* To do
Ignoring every picture, transcribe the data in full as it stands.

* Information provided

┄┄┄┄┄┄┄┄┄┄┄┄┄┄┄┄┄┄┄┄

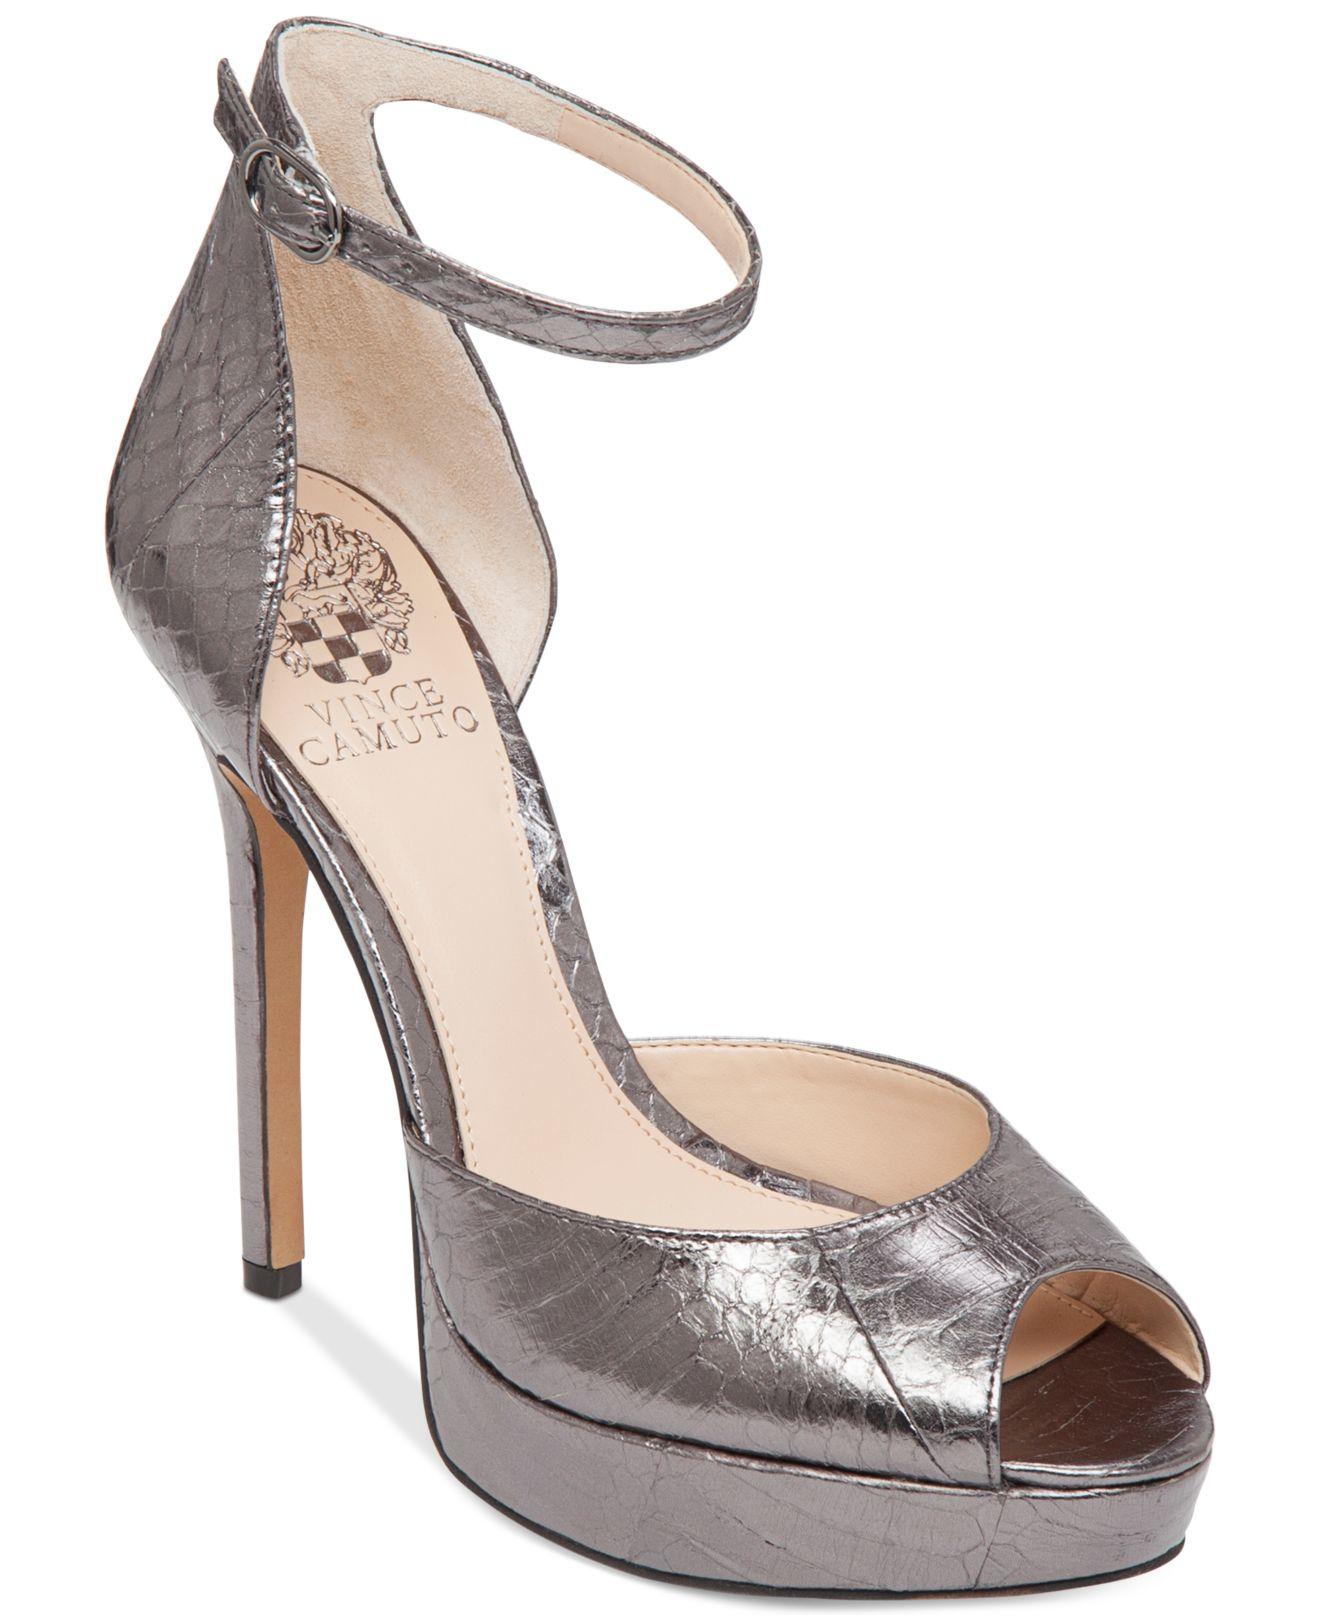 Vince Camuto Lillith Ankle Strap Platform Sandals In
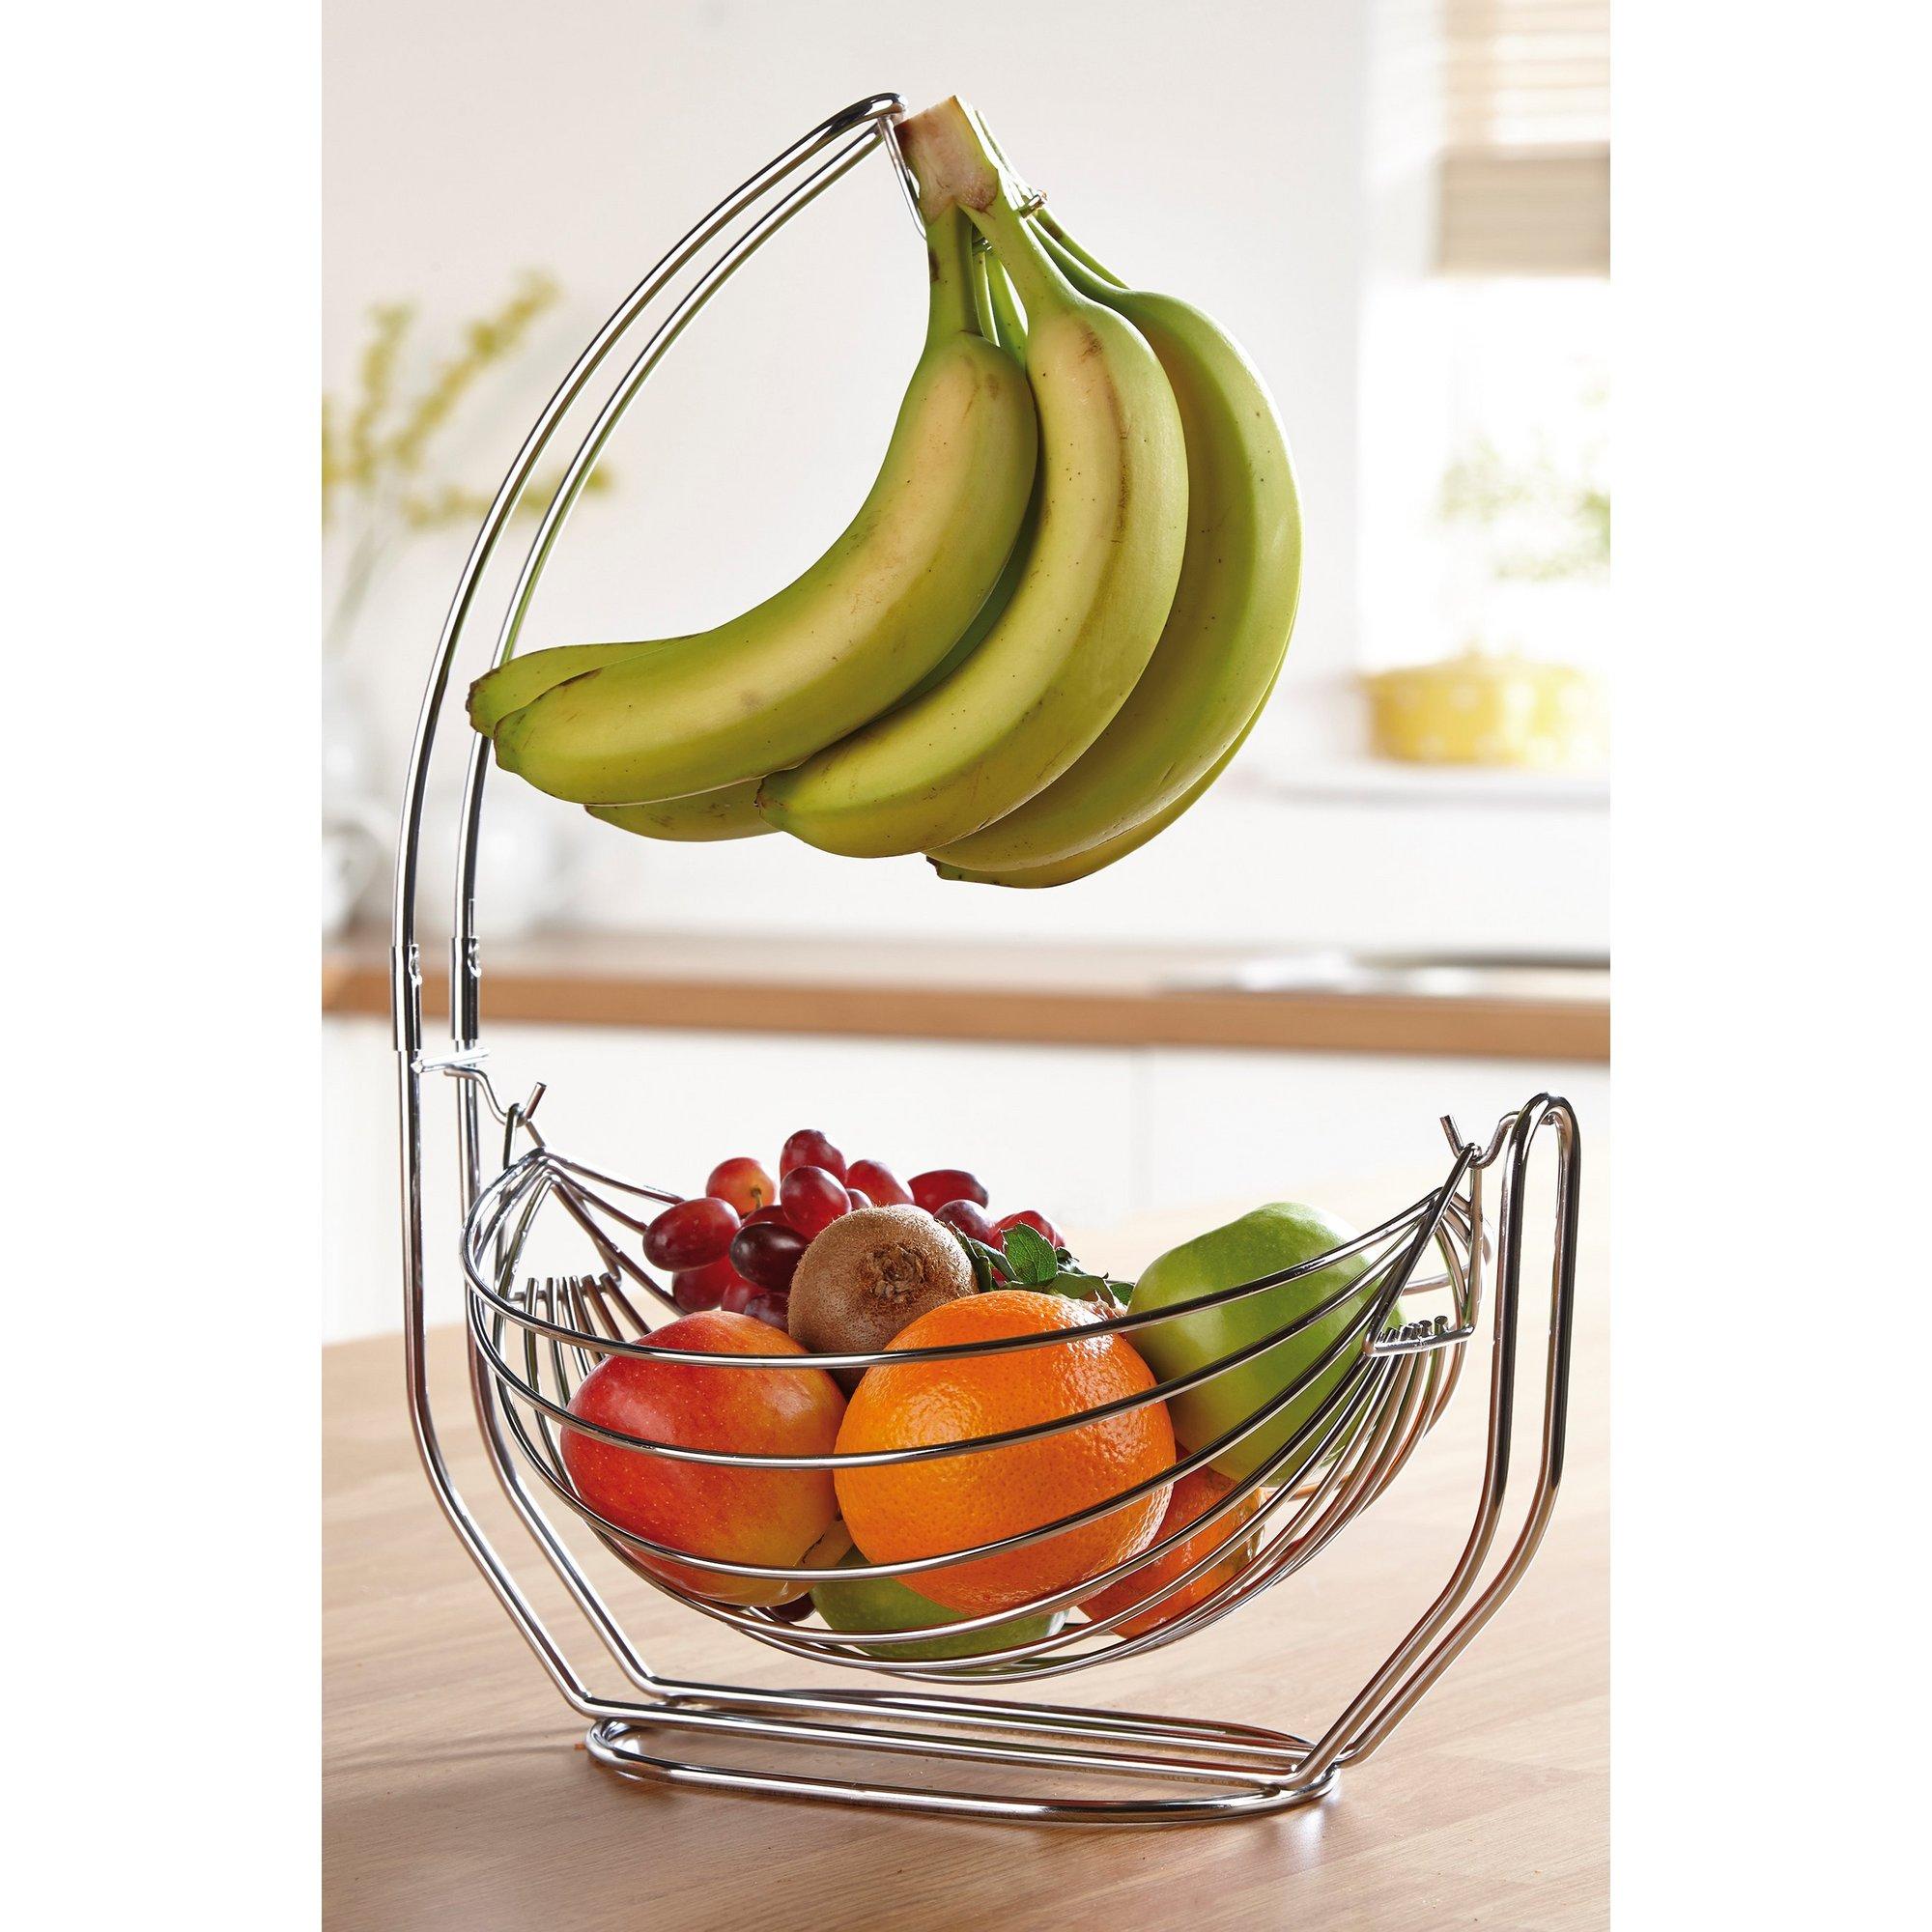 Image of Fruit Basket with Banana Hanger
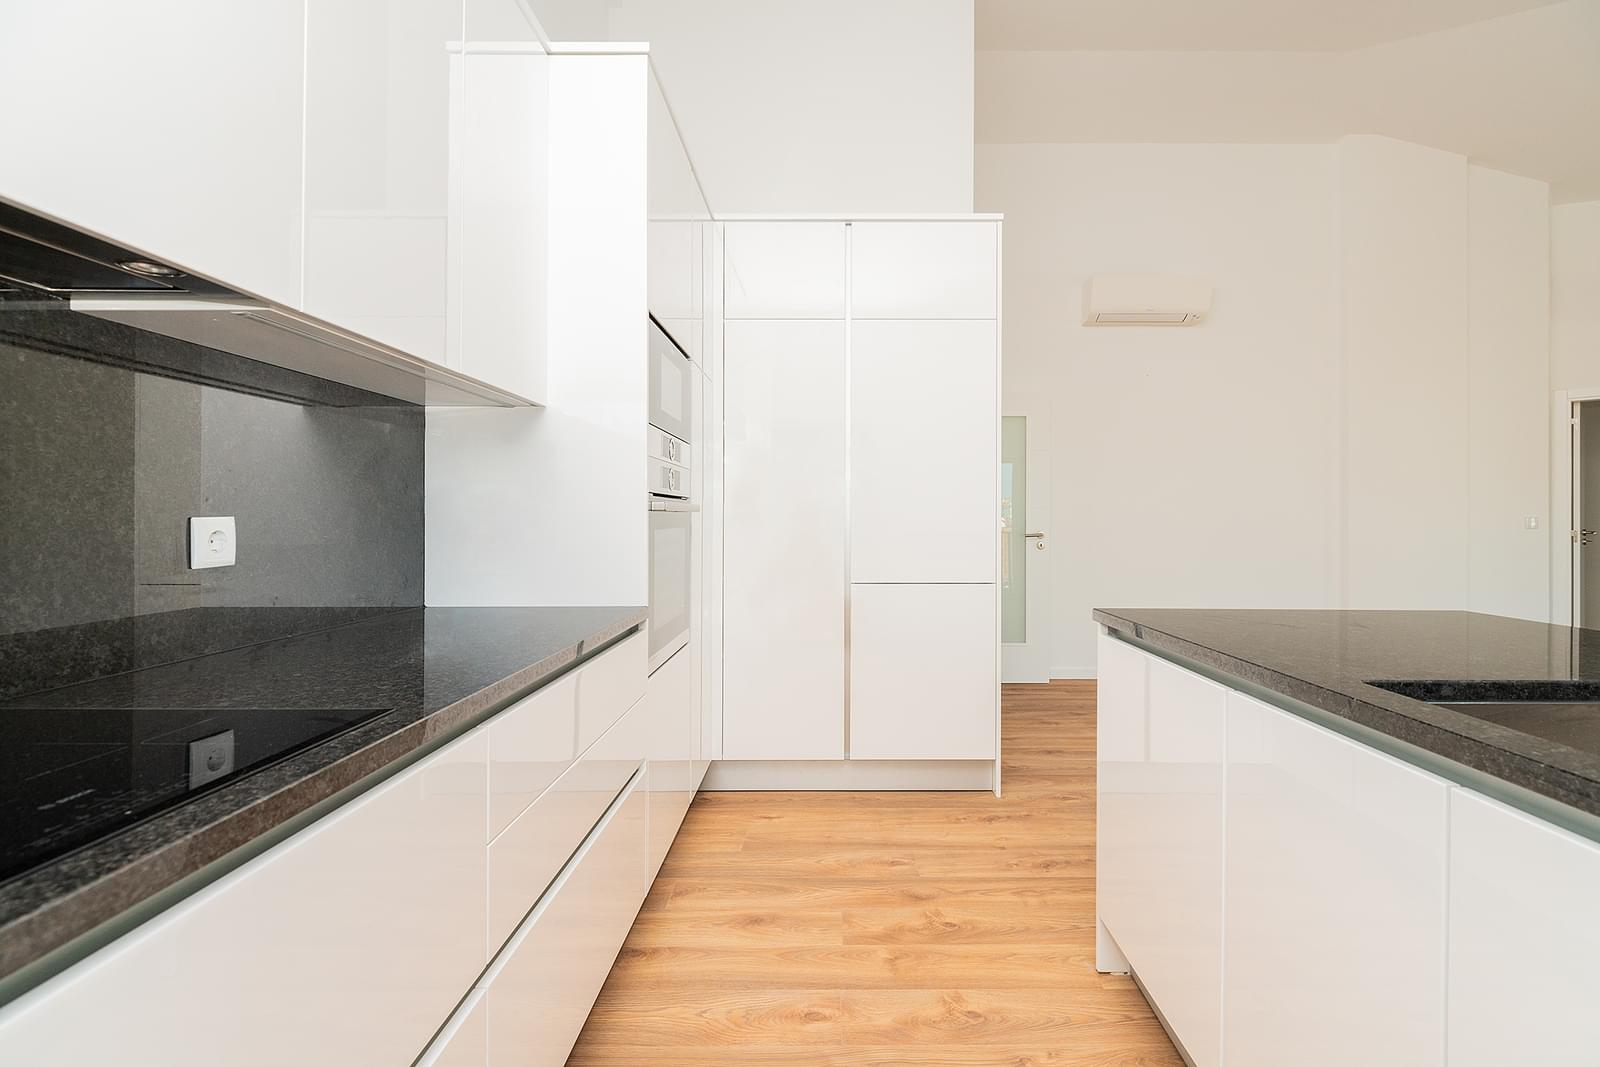 pf18413-apartamento-t1-lisboa-a36c1ac4-adca-4207-8451-f2571eb46703

┄┄┄┄┄┄┄┄┄┄┄┄┄┄┄┄┄┄┄┄

* Task result
 Vince Camuto Lillith Ankle Strap Platform Sandals In
 Image of Fruit Basket with Banana Hanger
 pf18413-apartamento-t1-lisboa-a36c1ac4-adca-4207-8451-f2571eb46703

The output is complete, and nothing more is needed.